Lawrence Chua, postcolonial capitalism, queer diaspora, multiculturalism, value

Abstract

This article addresses the queer subjectivities produced under postcolonial capitalism. In a context where economic value is virtualized via currency floats, high-volume trading, and other financial practices, subjectivity is likewise virtualized such that sexual, racial, gender, and ethno-national differences come to be framed as interchangeable and persistently in motion. Putting theories of postcolonial capitalism in conversation with queer diasporic critique, I read Lawrence Chua’s novel Gold by the Inch as an account of the queer contours of multicultural recognition specific to postcolonial Southeast Asia. Focusing on Chua’s extensive use of second person narration and the ethical ambivalence of the novel’s protagonist, I argue that multicultural recognition in postcolonial Southeast Asia commensurates the increasingly proximate but not identical subjectivities of those Kalyan Sanyal calls the subjects of capital and those who have been rendered part of a permanently surplus population. Such commensuration effaces the raced, gendered, and sexualized modes of domination required to sustain this population in perpetuity. My reading of Gold by the Inch thus emphasizes the non-identity of queer postcolonial subjectivities to identify ruptures in postcolonial capitalism’s governance of heterogeneity.

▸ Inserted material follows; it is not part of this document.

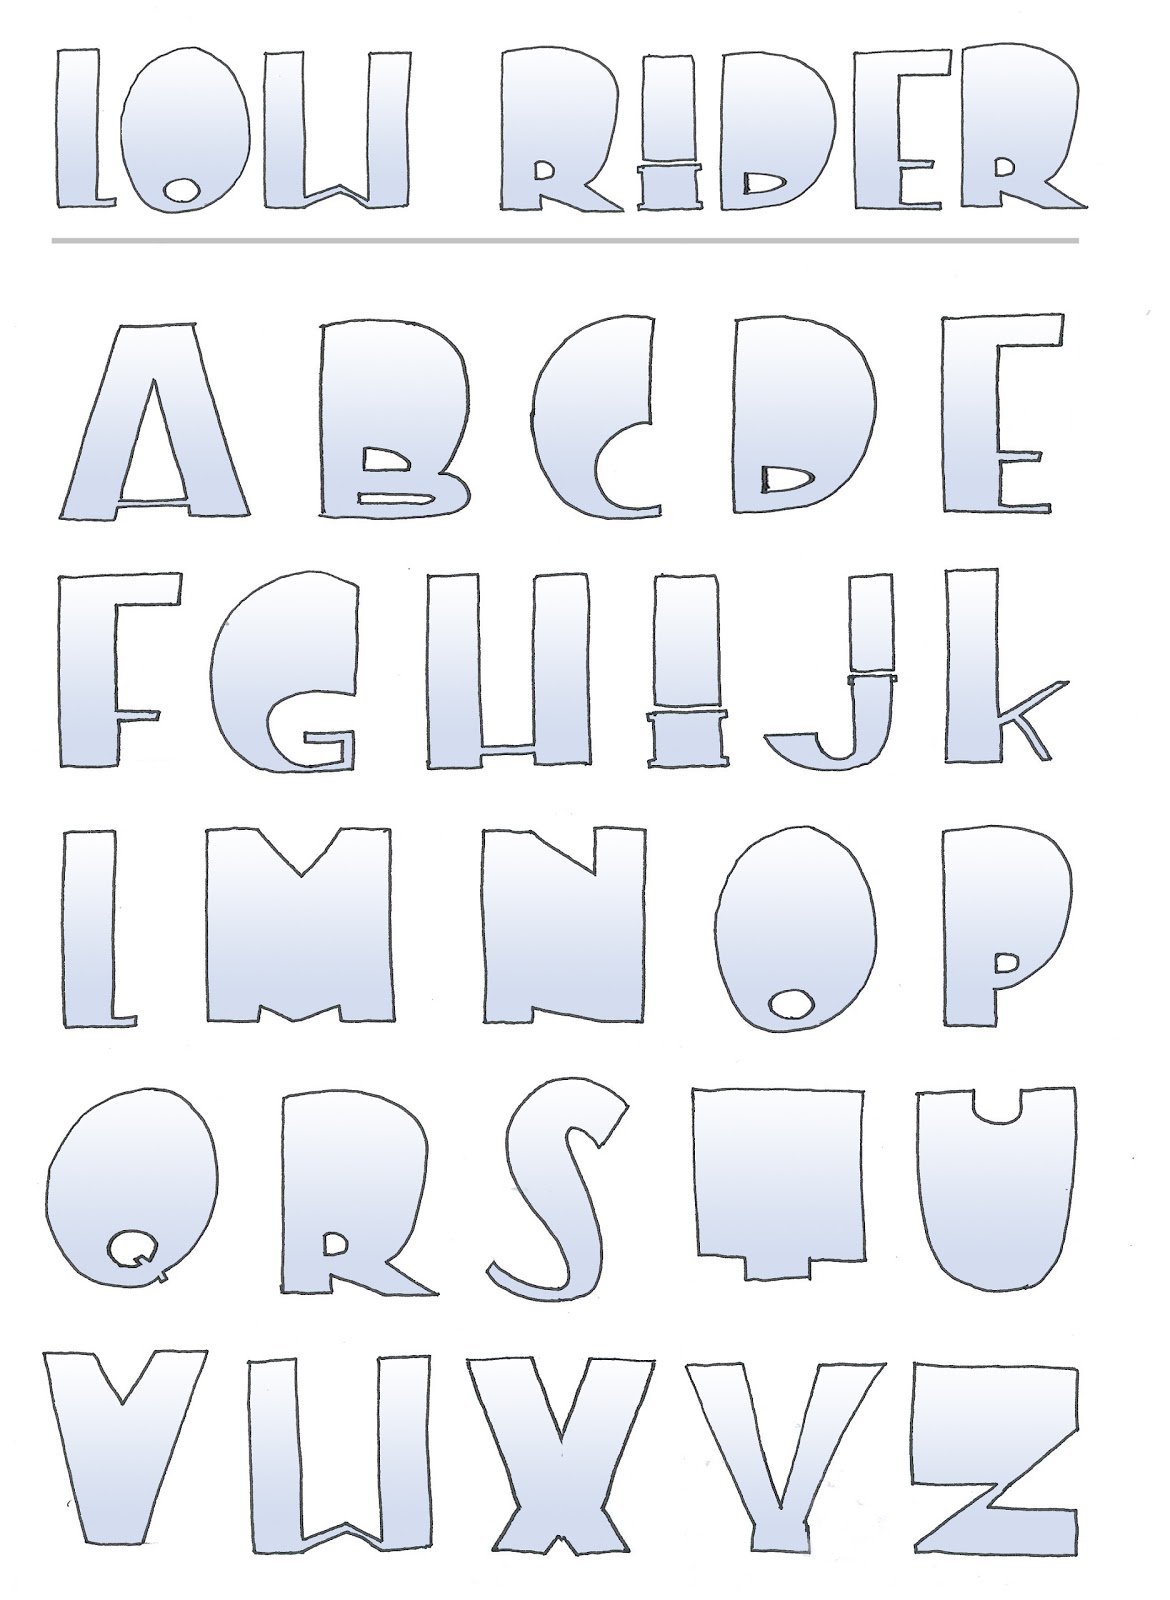 Downtown Doodler's Doodles: Colored Fonts
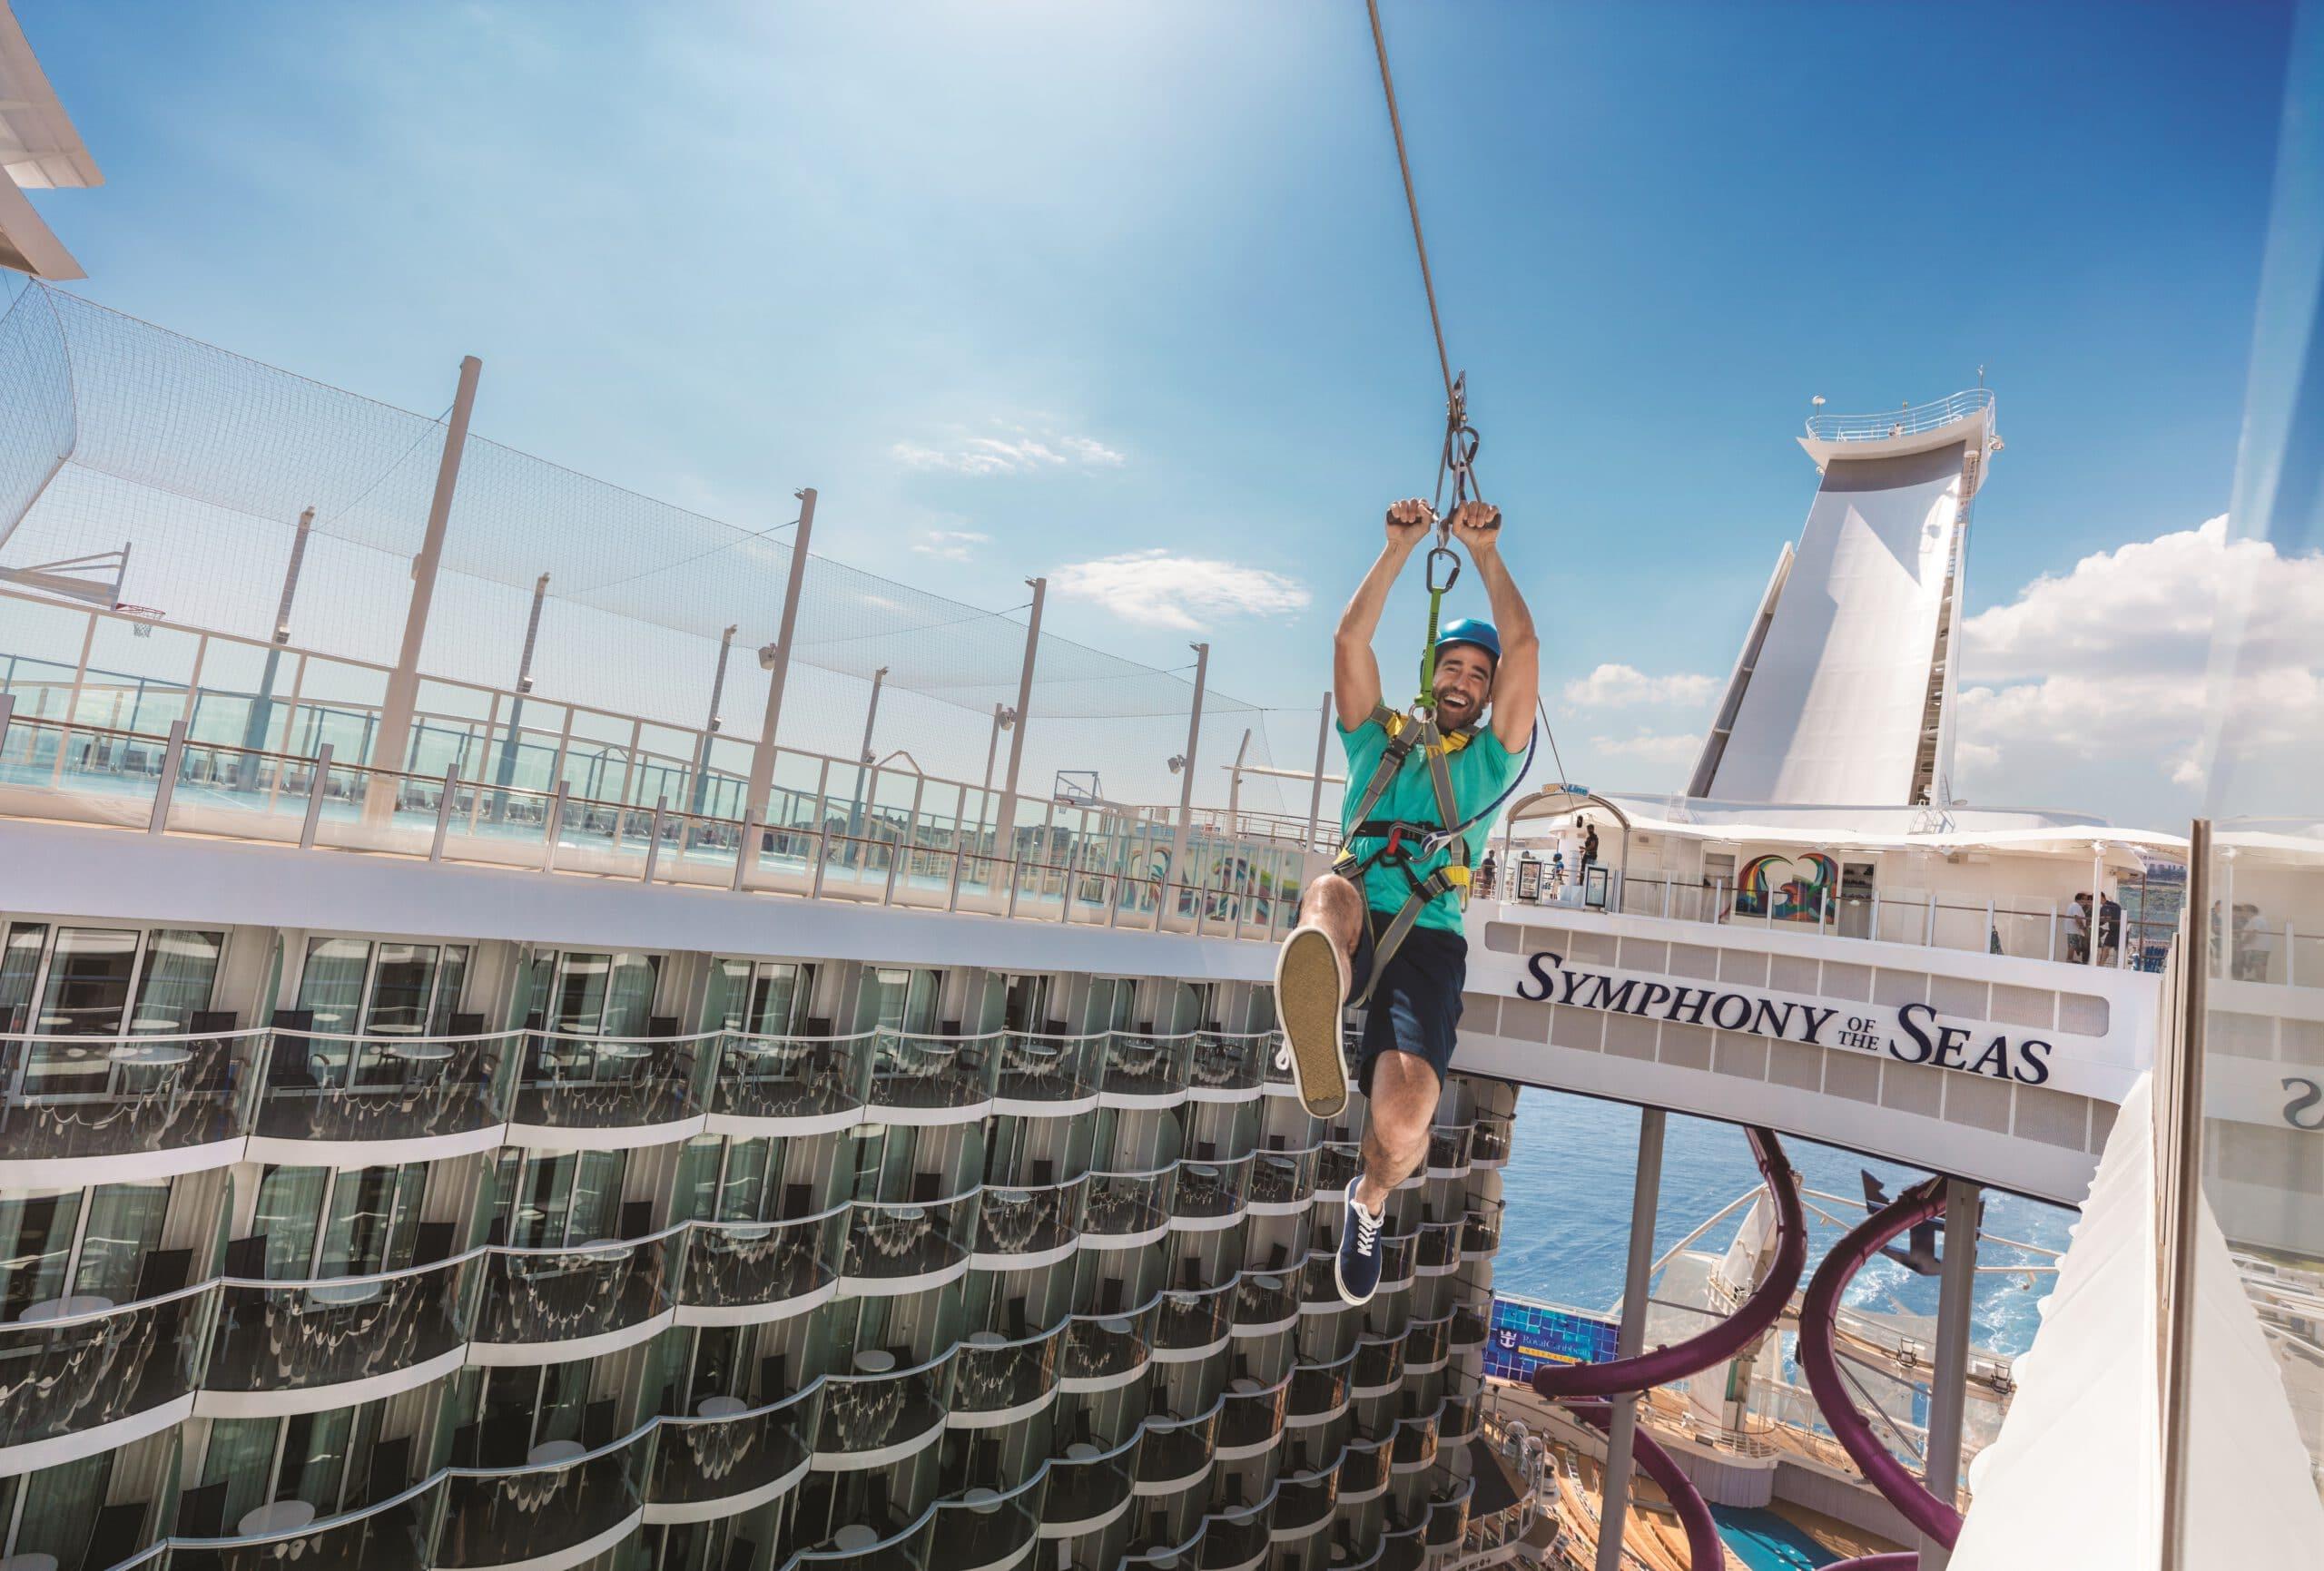 Cruiseschip-Symphony of the Seas-Royal Caribbean International-Zip Line

Thanks to Choonja Kae and Heyang Julie Kae for their multiple forms of support while I completed this article, and to Phoenix, Anya, and Vera for reminding me to think otherwise.

Author Biography

Travis Sands

Travis Sands teaches in the Department of Gender Studies at Metropolitan State University in Saint Paul, Minnesota. He is currently working on Floating Currencies: Sex, Race, and Value After Neoliberalism, a book project addressing literary and popular cultural engagements with the queer marriage of economic and cultural values in the multiple afterlives of neoliberalism.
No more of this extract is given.